October 1994 – Sincerely Sire Newsletter

 

LOVE STORY

 

I didn't know I loved her the moment I set eyes on her - - - it took me until the next morning.  It took her five years to love me back.  No, I'm not talking about my old girl friend.  I'm talkin' 'bout my baby.  My woman.  My wife.  Rosemarie.  Roe for short. 

 

December 30th will be our twenty-second anniversary.  We were married a few days after I asked her to marry me in Wilber (population 1200), Nebraska.  We made our vows before a justice of the peace at the county court house.  I guess you could say we eloped.

 

I first met Roe in 1970.  I was twenty years young.  My best friend, Dennis, asked me if I'd like to meet his cousin, Rosemarie.  She had just moved here with her family from New York.  (Incidentally, Dennis had been my best friend since the first grade, which makes me think I was destined to marry Roe from day one.) I had nothing else in particular to do, so I went over to his house where she was sitting at the kitchen table drinking coffee with her mother. 

 

Dennis had to go somewhere, so I was left alone to talk/spar with the two of them for a couple of hours.  I thought I was a pretty smooth operator back then, but they cut me to ribbons with their brash wit and heavy New York accents.  I remember leaving that day wondering if everyone from New York was as cocky as the dynamic duo.

 

But the next morning I was in big trouble.  To my surprise, I woke up thinking about Rosemarie.  In fact, I couldn't stop thinking about her.  I could see her sitting at the kitchen table with her soft auburn hair cascading over her shoulders down to the small of her back.  I saw her sipping her coffee, tossing her head back and laughing.  So what did I care that she was laughing at me?  I liked the way she laughed.  This was a woman I wanted.  She was, I realized, my kind of gal.  I would show her I was not a man to be trifled with.  I was not a man to be laughed at.

 

The next day I persuaded Dennis to visit his cousin again and take me with him.  (I didn't happen to mention

that I was in love with her.)  As soon as we got there she started laughing at me again.

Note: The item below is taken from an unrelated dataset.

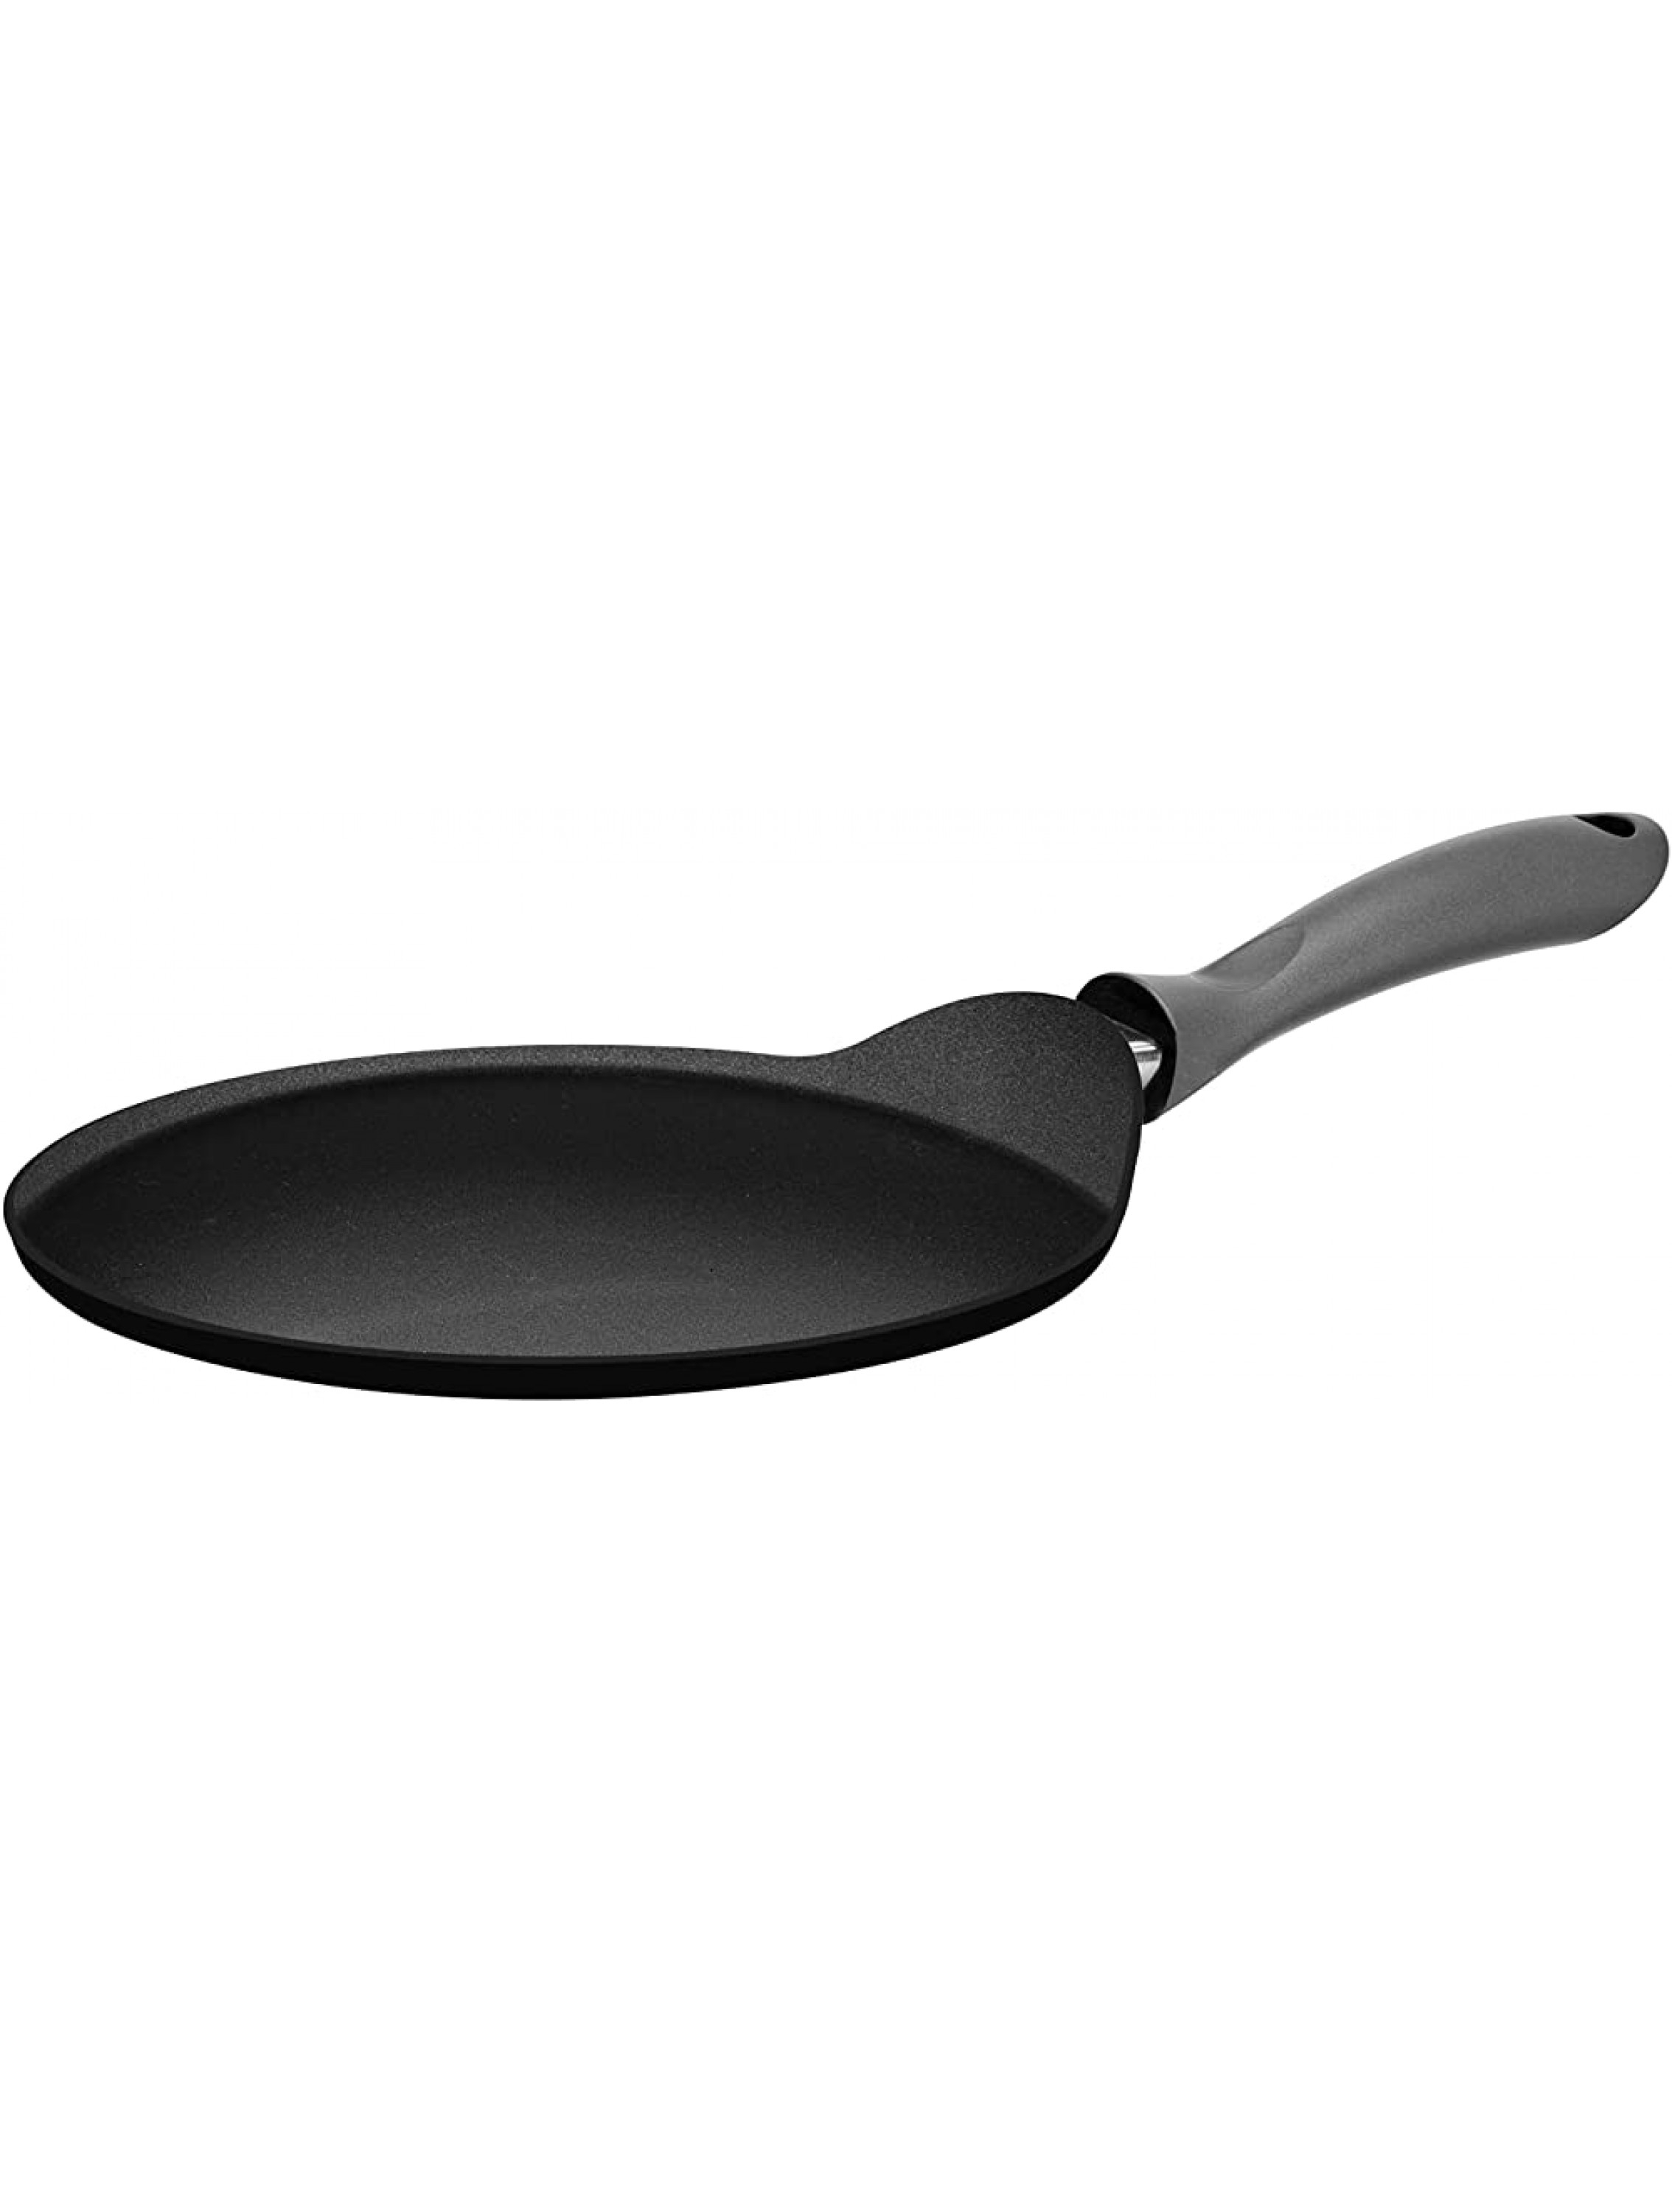 Hascevher Teflon Classic Nonstick 11 Inch Crepe Pan Griddle Cookware CR11 Black - B43TNWBCD

I kept trying to be cool, but she just kept laughing.  Apparently I was a pretty funny guy.  I spent the next five years trying to change the laughing to loving.  I asked her out, but she just laughed.  I sent her flowers and she laughed.  I wrote her love letters and both her and her mother laughed. 

 

She laughed till I cried and finally gave up.  Many months passed.  I got myself another girlfriend.  I went to Europe with my new girlfriend.  We had a really great time.  Next, my new girlfriend got married - - - to someone else. 

 

Needless to say, I wasn't laughing.  But then, one evening, a rather interesting thing happened on my way to Heartbreak Hotel.  I had just returned home from watching the George Foreman - Muhammad Ali fight.  I walked in the door and there Rosemarie was, again.  All five feet, eight inches of her, sprawled out on the living room carpet, gazing passionately into the glowing fireplace (or was that a halo around her head?).    

 

I took one look and thought - - - No way.  Not again.  Not this time. What the heck was she doing here anyway?  Had she come to torture me?  Turns out she had gotten in to a giant argument with her parents and had come to stay with her cousin Dennis.  And, as fate would have it, Dennis and I were sharing a house at the time. 

 

I made up my mind to ignore her.  And I did.  Or at least she thought I did . . . And then a miracle happened.  She started loving me.  To this day, I do not know why, but she stopped laughing and started loving.

 

I asked her if she wanted to go with me to visit my parents in Nebraska for Christmas.  She said she couldn't.  She had to work.  I said, "Quit."  So she picked up the phone and did. 

 

We drove to Nebraska in a beat up '62 Volkswagen and stayed with my mom and dad in this old farm house out in the middle of nowhere.  It was there that I got down on my knees and asked her to marry me.  She told me she wanted to sleep on it and that she would give me her answer soon.

 

The next morning we took a walk along the old farm road leading away from the house.  We walked for quite some time hearing only the crunching of the freshly fallen snow beneath our feet and our own rhythmic breathing. It was very cold, but the sun had burned its way through the clouds and found us just in time as she put her hand in mine and said, "Yes, my darling, I’ll marry you."

 

Five days later we were hitched, and twenty-two years later we still are.